これが現在の「ニューノーマル」である。資産価格は常に上昇しているように見え、それが市場全体に漂う楽観ムードの正体だ。
3、新しい経済的現実
量的緩和以前の伝統的経済環境で育った人々にとっては、この新しい状況は困惑を招くだろう。しかし、すでに近20年にわたるデータが示しているのは、我々がまったく新しい経済体制に入り込んでいるということだ。
クリストファー・レナードが本書で指摘しているように、現代の通貨はもはや実物の紙幣ではなく、電子的操作によって空から創造された数字であり、最終的にはごく少数の一次ディーラーに分配される。
この現状は、私たちがこれまで市場、インフレーション、投資に対して持っていたすべての伝統的理解を変えてしまった。

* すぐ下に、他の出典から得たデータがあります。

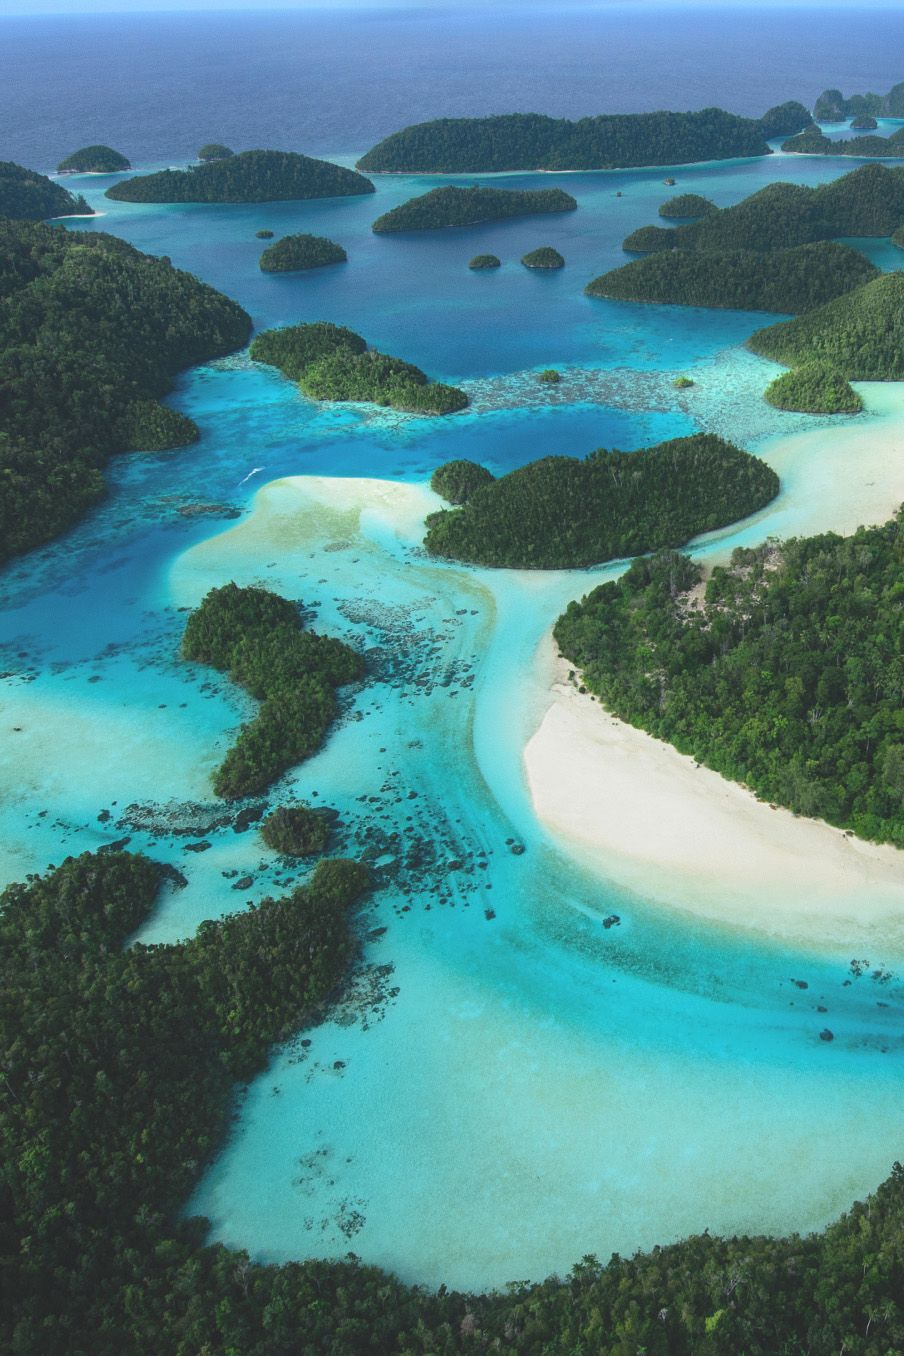 Wayag Island Group by Mike Veitch

【翻訳】量的緩和(QE)とは非常にシンプルなもので、その核となるのは大量の新規通貨を創造し、銀行システムに資金を注入することにある。この政策の目的は、銀行が貯蓄を促進しない状況下でも経済成長を刺激することだ。FRBはそのための非常に強力な手段を持っている。それは、ニューヨークに拠点を置く主要な金融ディーラー24社(「プライマリーディーラー」と呼ばれる)とのネットワークを通じて資産の売買を行う仕組みである。
これらのプライマリーディーラーはFRB内に特別な銀行用金庫、すなわち準備口座(reserve accounts)を持っている。FRBが量的緩和を実施する際、ニューヨーク連邦準備銀行のトレーダーはこうした主要ディーラー(例:JPモルガン・チェース)に連絡を取り、彼らが保有する80億ドル相当の国債を購入すると提案する。JPモルガンはその国債をFRBのトレーダーに売る。その後、FRBのトレーダーはキーを数回押すだけで、JPモルガンの銀行担当者が準備口座を確認するよう通知できる。

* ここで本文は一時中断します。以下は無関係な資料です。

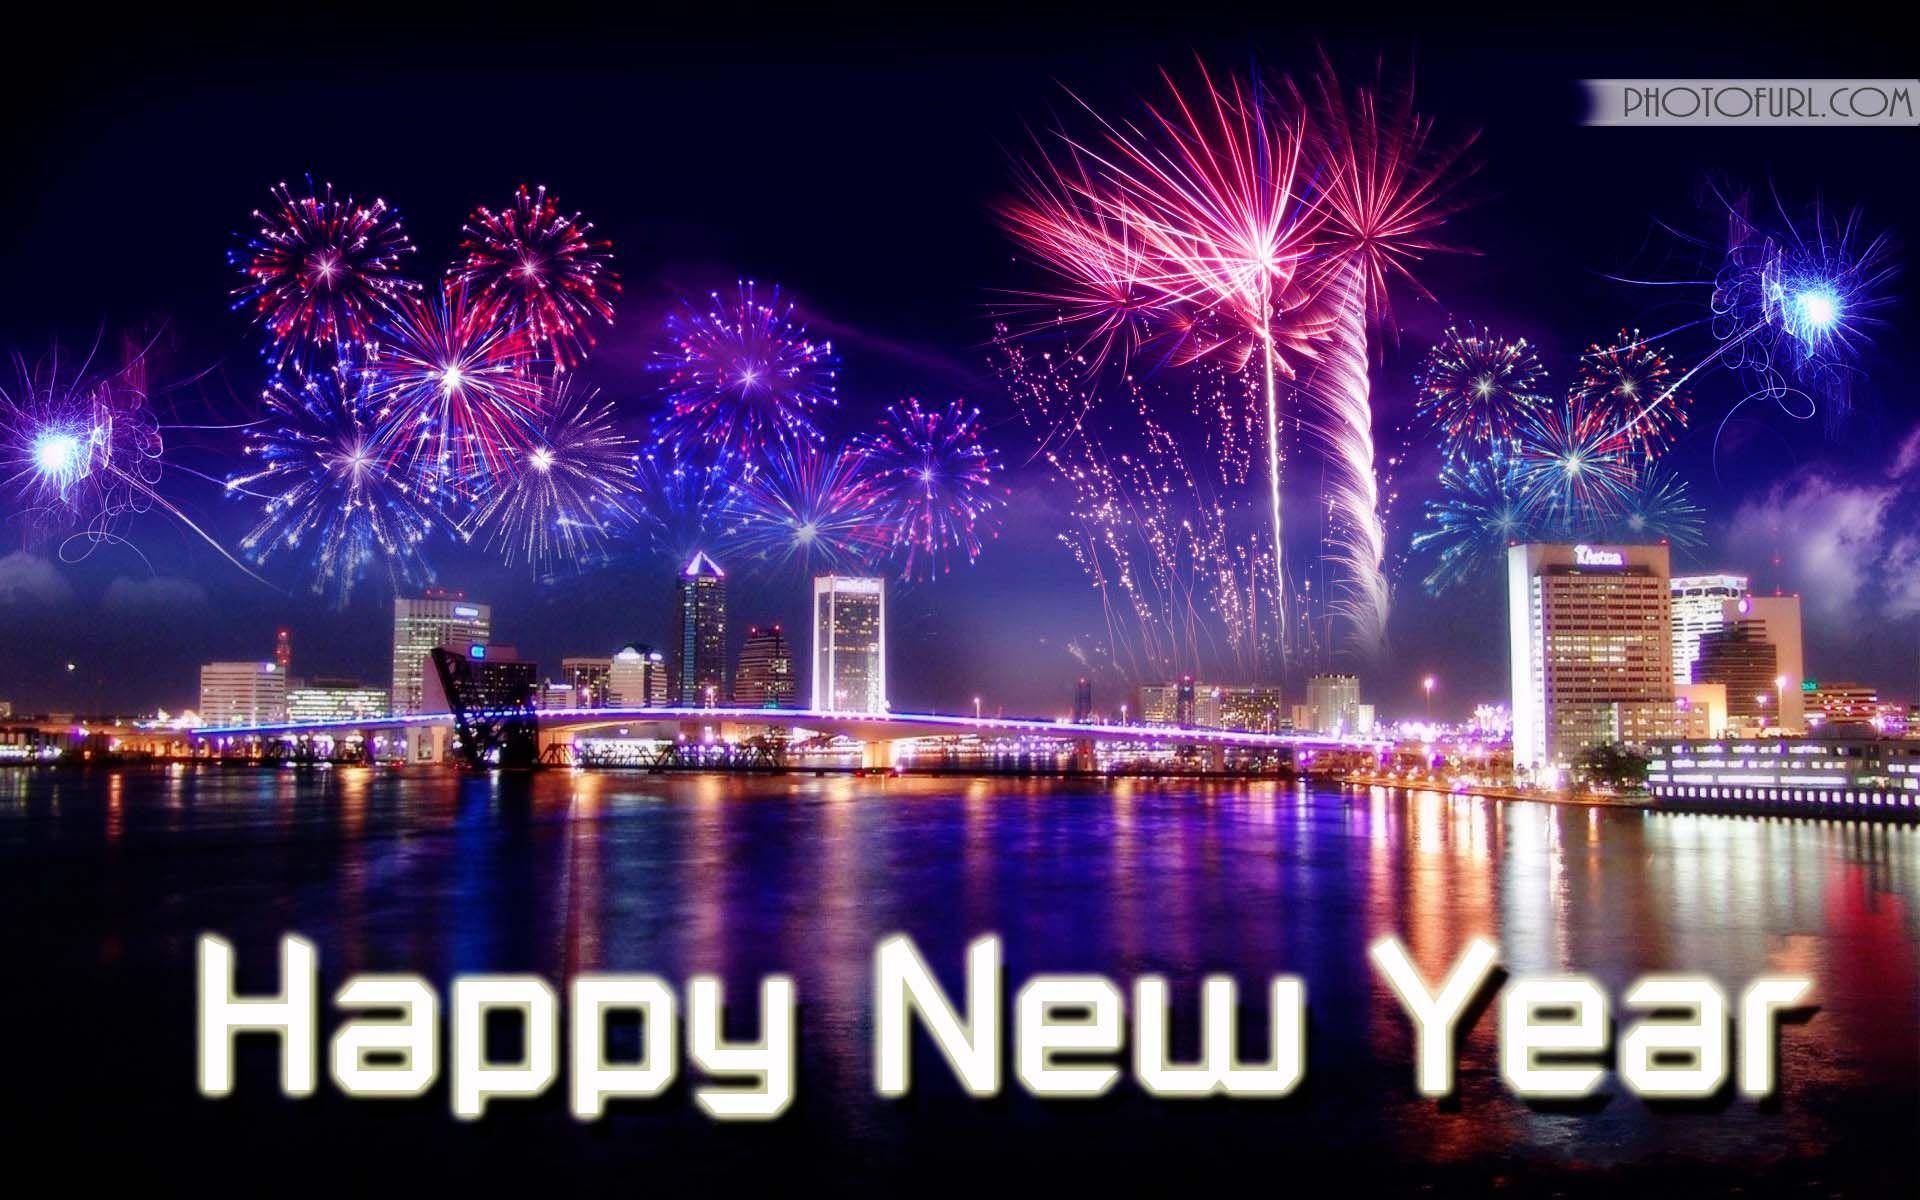 Desktop Backgrounds · Happy New Year Jennys Noodle

こうしてFRBは準備口座に瞬時に80億ドルを創出し、この取引を完結させる。JPモルガンはこの資金を受け取った後、市場で他の資産を購入するために使える。これがFRBが資金を創出する核心的メカニズムだ。つまり、主要ディーラーから資産を購入することで、彼らの準備口座に資金を創出するのである。
要するに、FRBが「資金創出」という手段で市場に影響を与え、経済を安定させるプロセスがこれだ。
誰かに印刷機を与えれば、その人は必ず印刷を始める。
そしてFRBが印刷を始めれば、資産価格は継続的に上昇する。ここで疑問を持つ人もいるだろう。「もしFRBが印刷を止めたらどうなるのか?」分析の角度は変わるかもしれないが、肝心なのは、米国はもはや通貨印刷を止めることを耐えられないほど依存しているという事実だ。我々は安価で豊富な資金に依存するようになってしまったのだ。
だからこそ、私は18か月以上続く熊相場がほぼ不可能だと考える。FRBが資産価格の大幅下落を察知すれば、即座に強く市場介入するだろう。
市場がFRBを完全に支配しているわけではないが、FRBは市場の動きに応じて行動する。
『The Lords of Easy Money』において、著者のクリストファー・レナード(Leonard)はこれを完璧に示す事例を紹介している。ベン・バーナンキ(Ben Bernanke)率いるFRBは当初、小規模かつゆっくりとしたペースでの量的緩和(QE)を計画していた。しかし、市場の期待と実際の行動との間にギャップが生じ、資産価格が下落するリスクを恐れ、最終的にバーナンキは市場の期待に応じざるを得なかったのだ。
なぜ私がこの点を強調するのか? 冒頭で述べた市場の楽観ムードが重要である理由は、FRBが市場から事実上「介入せよ」と要求されているからだ。市場参加者の期待がそうであるため、FRBは行動せざるを得ない。
今や、市場こそが真の舵取りなのである。

この展開は、投資家としてあなたが選択を迫られることを意味している。あなたは市場が狂っていると信じ、数年にわたる熊相場が到来すると予想することもできる。あるいは、FRBが金融市場の安定性をすでに破壊しており、市場に問題が生じれば、経済刺激策を通じて介入し続けることを認識することもできる。その過程では、通貨の過剰発行によって米ドルが高インフレに陥るだろうが、その期間は多くの人が想像するよりもはるかに長い!
私は楽観主義者であり、同時に歴史の観察者でもある。2008年の世界金融危機の状況を振り返れば、市場のルールはすでに変わってしまったことに気づくだろう。投資の鍵は「いつ買うか」ではなく、「どれだけ長く保有し続けるか」にある。
空売り派は賢そうに聞こえるが、実際に勝つのは買い持ち続けた人たちだ。